Quaranta fotomontaggi per immaginare quale sarebbe la “vita” delle sculture dall’Archeologico (anche le opere d’arte, grazie al potere della fantasia, si muovono), “scappando” dalle sale del Museo verso le strade, le piazze e gli angoli più caratteristici di Napoli. Dopo il successo dell’esposizione “Fantasmi a Pompei”, in cui le figure dei mosaici e degli affreschi del Mann erano trasposte, sempre grazie al fotomontaggio, negli scavi dell’antica città vesuviana, il nuovo percorso creativo seguito da Assisi e Cipolla sarà un vero e proprio atto d’amore per la città di Napoli: Castel dell’Ovo, il lungomare, piazza del Plebiscito, il Petraio, i vicoli del centro storico, ma anche le pensiline dei bus ed i vagoni della metropolitana, diventeranno lo sfondo per un nuovo cortocircuito temporale e visivo. Al Mann, nella sala del Toro Farnese, dal 2 dicembre 2019 (vernissage allee 17) al 24 febbraio 2020, un percorso creativo per raccontare il Museo e la città con la mostra fotografica di Dario Assisi e Riccardo Maria Cipolla “Fuga dal museo”, con due parole chiave: sorriso e leggerezza.
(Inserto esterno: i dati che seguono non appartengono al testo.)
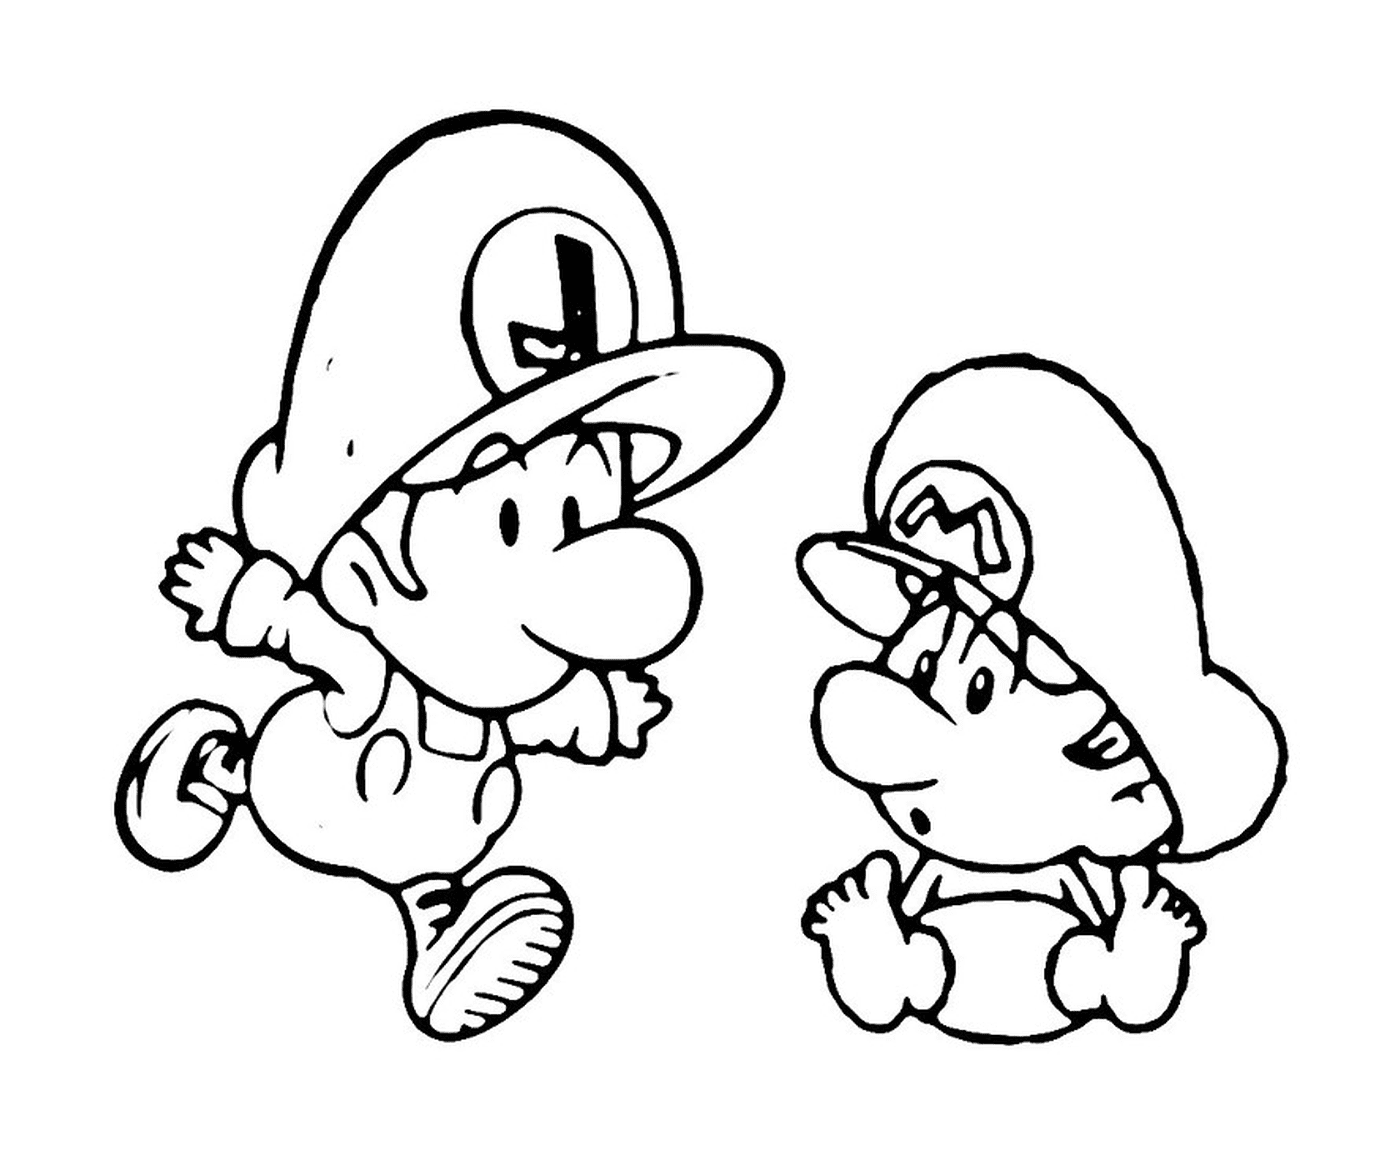  Duo Mario und Luigi 
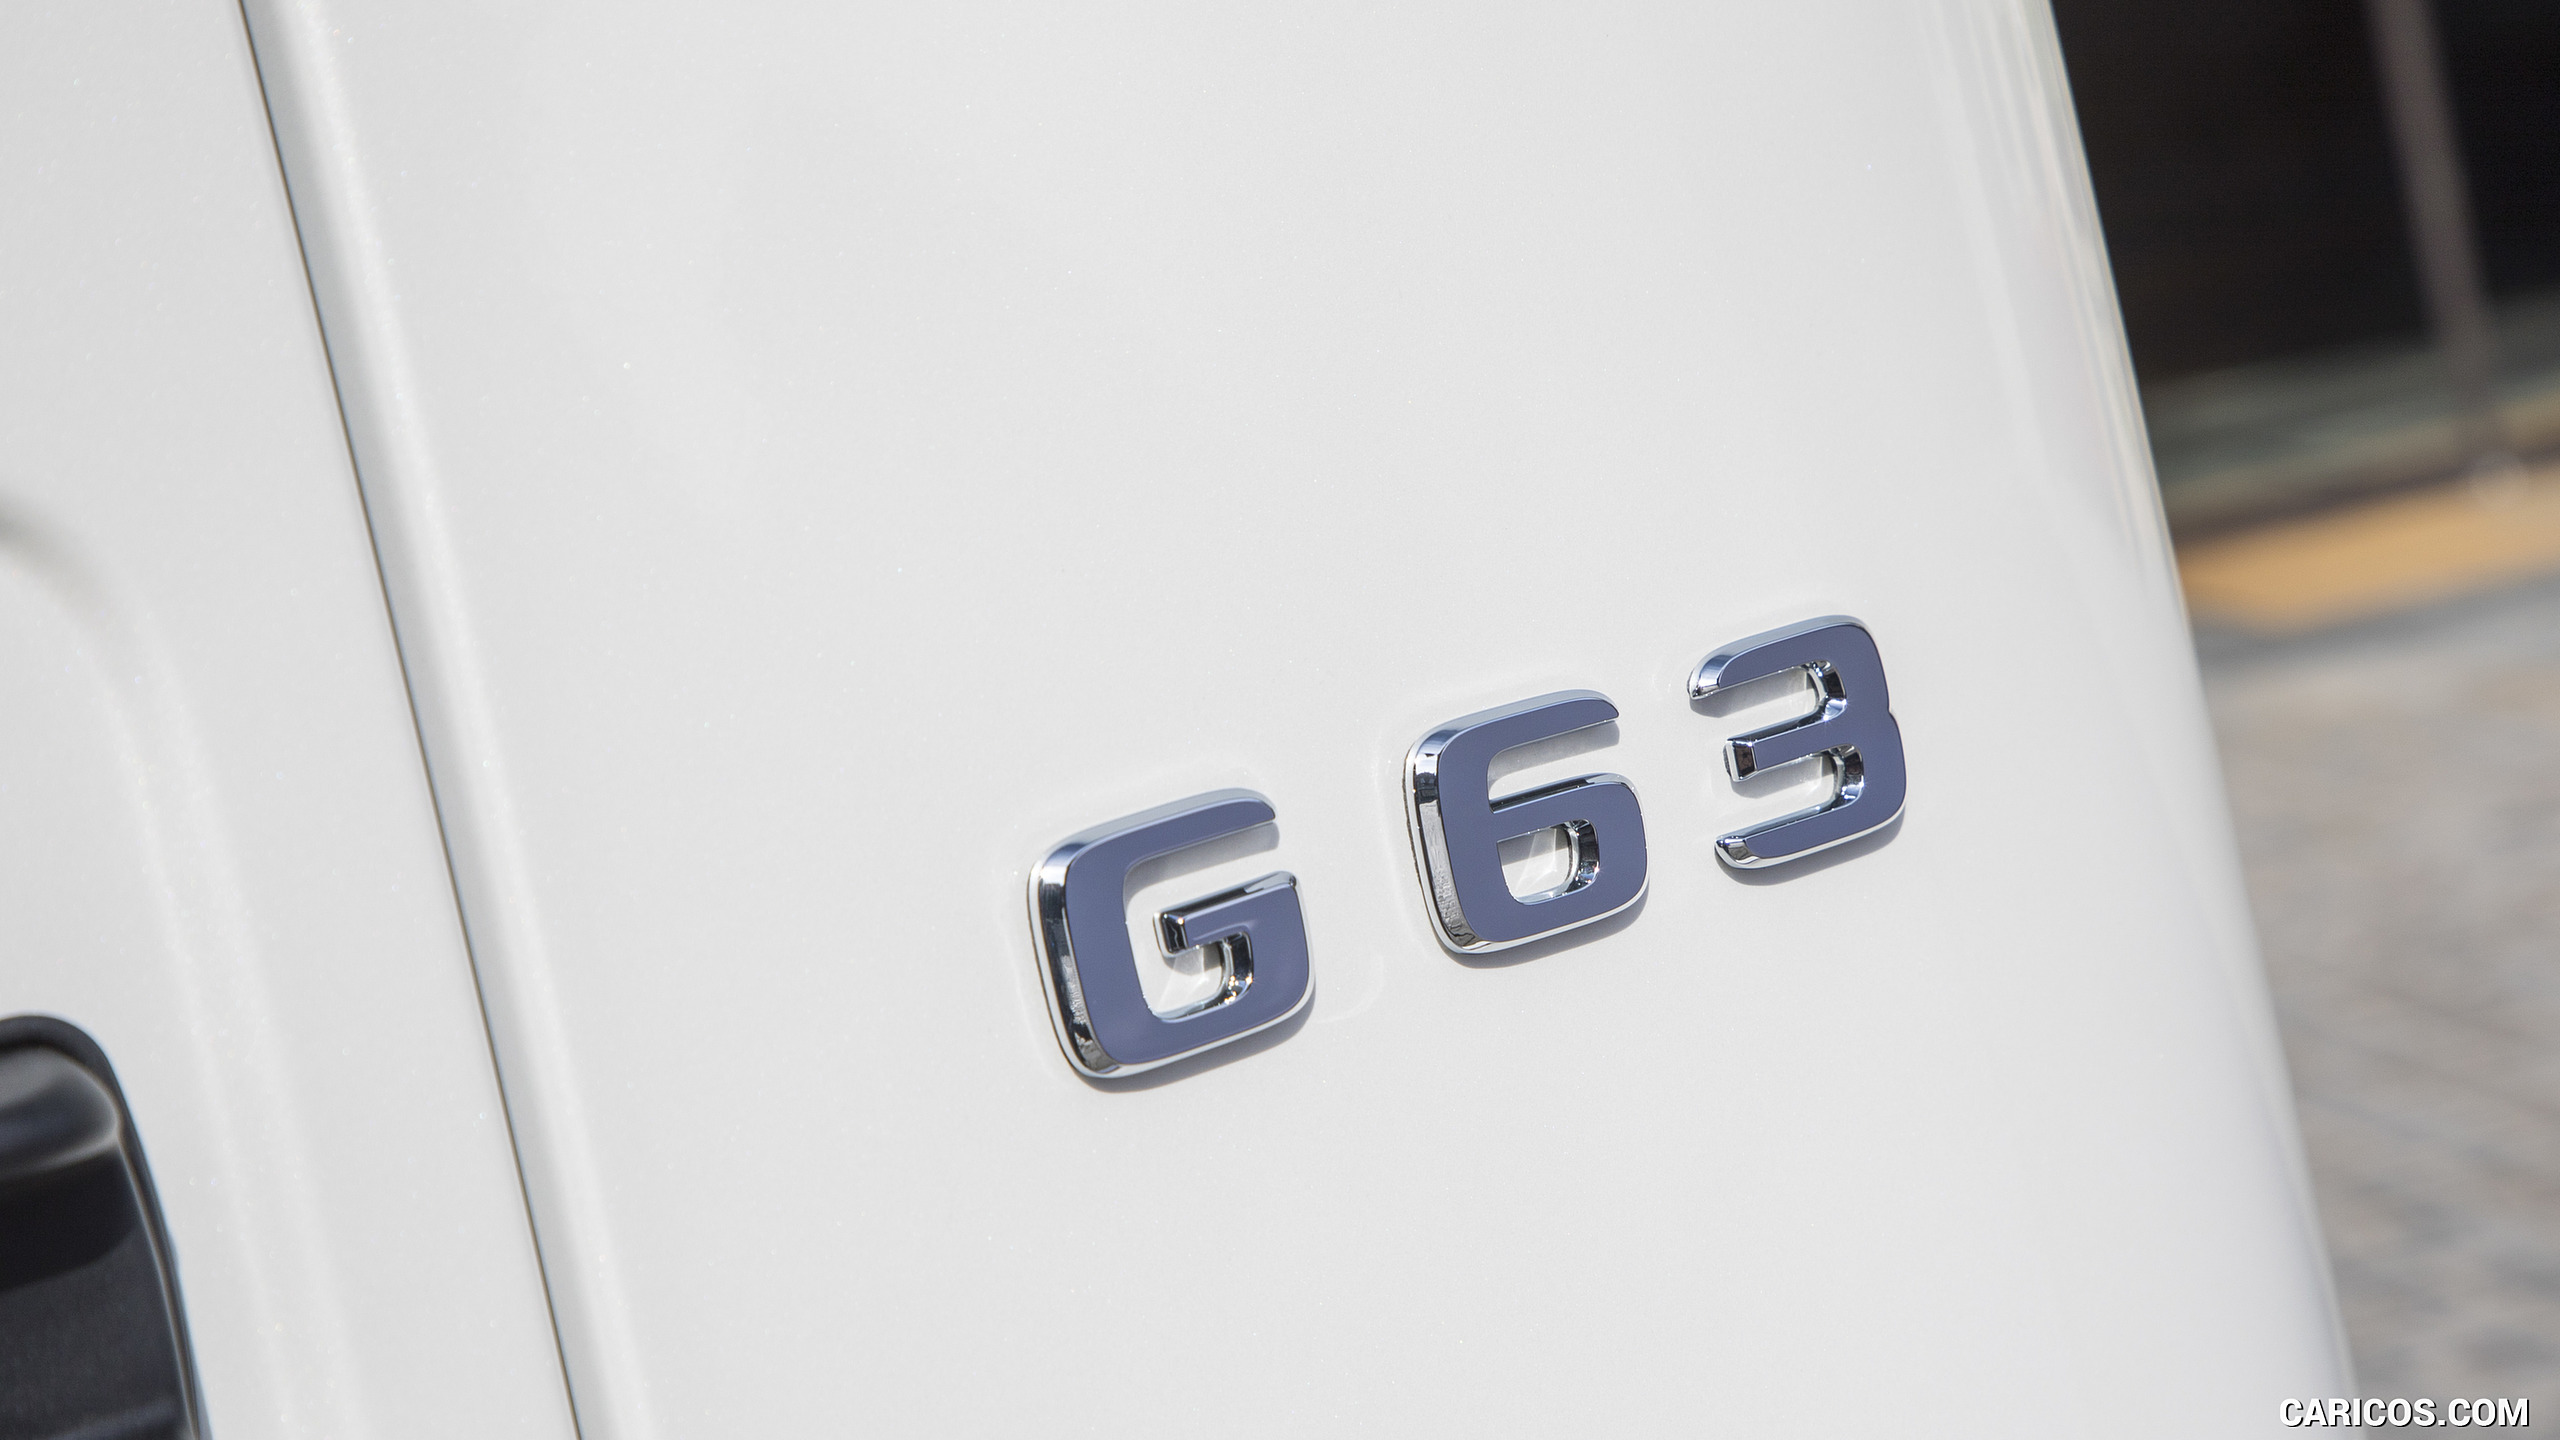 2019 Mercedes-AMG G63 (Color: Designo Diamond White Bright) - Badge, #114 of 452

Figura maschile ideale e figura femminile alla fermata del bus: fotomontaggio di Dario Assisi e Riccardo Maria Cipolla (foto Mann)

Tra ieri ed oggi, tra il candore dei marmi, la lucentezza dei bronzi e la vivacità dell’orizzonte metropolitano, potrà capitare di incontrare la scultura dell’Afrodite accovacciata in vico Lungo Gelso, ammirare la potenza dinamica del Toro Farnese in armonico dialogo con un cielo burrascoso, scontrarsi con il Doriforo nella stazione della linea 1 al Museo. Non mancheranno all’appello i capolavori di Canova, in esposizione all’Archeologico in occasione della retrospettiva sul Maestro di Possagno: la Danzatrice con le mani sui fianchi troverà, in vico san Domenico, un nuovo spazio per una simbolica esibizione, mentre Amore e Pische Stanti si abbracceranno teneramente nel Real Orto Botanico.

L’Afrodite di Capua: fotomontaggio di Dario Assisi e Riccardo Maria Cipolla (foto Mann)

Immagine guida della mostra “Fuga dal museo” sarà l’Afrodite di Capua: solo grazie alla creatività, la famosa scultura della Collezione Farnese si affaccerà per stendere i panni, trovando armonia e leggerezza del gesto nella dimensione quotidiana di un’usuale mattina del terzo millennio. “Il nostro progetto nasce dalla volontà di dare vita alle statue del Mann, rendendole vere creature che interagiscono con la realtà. Le sculture divengono persone, che si aggirano per le città, desiderose di scoprirne i misteri, le bellezze e le paure”, commentano Dario Assisi e Riccardo Maria Cipolla.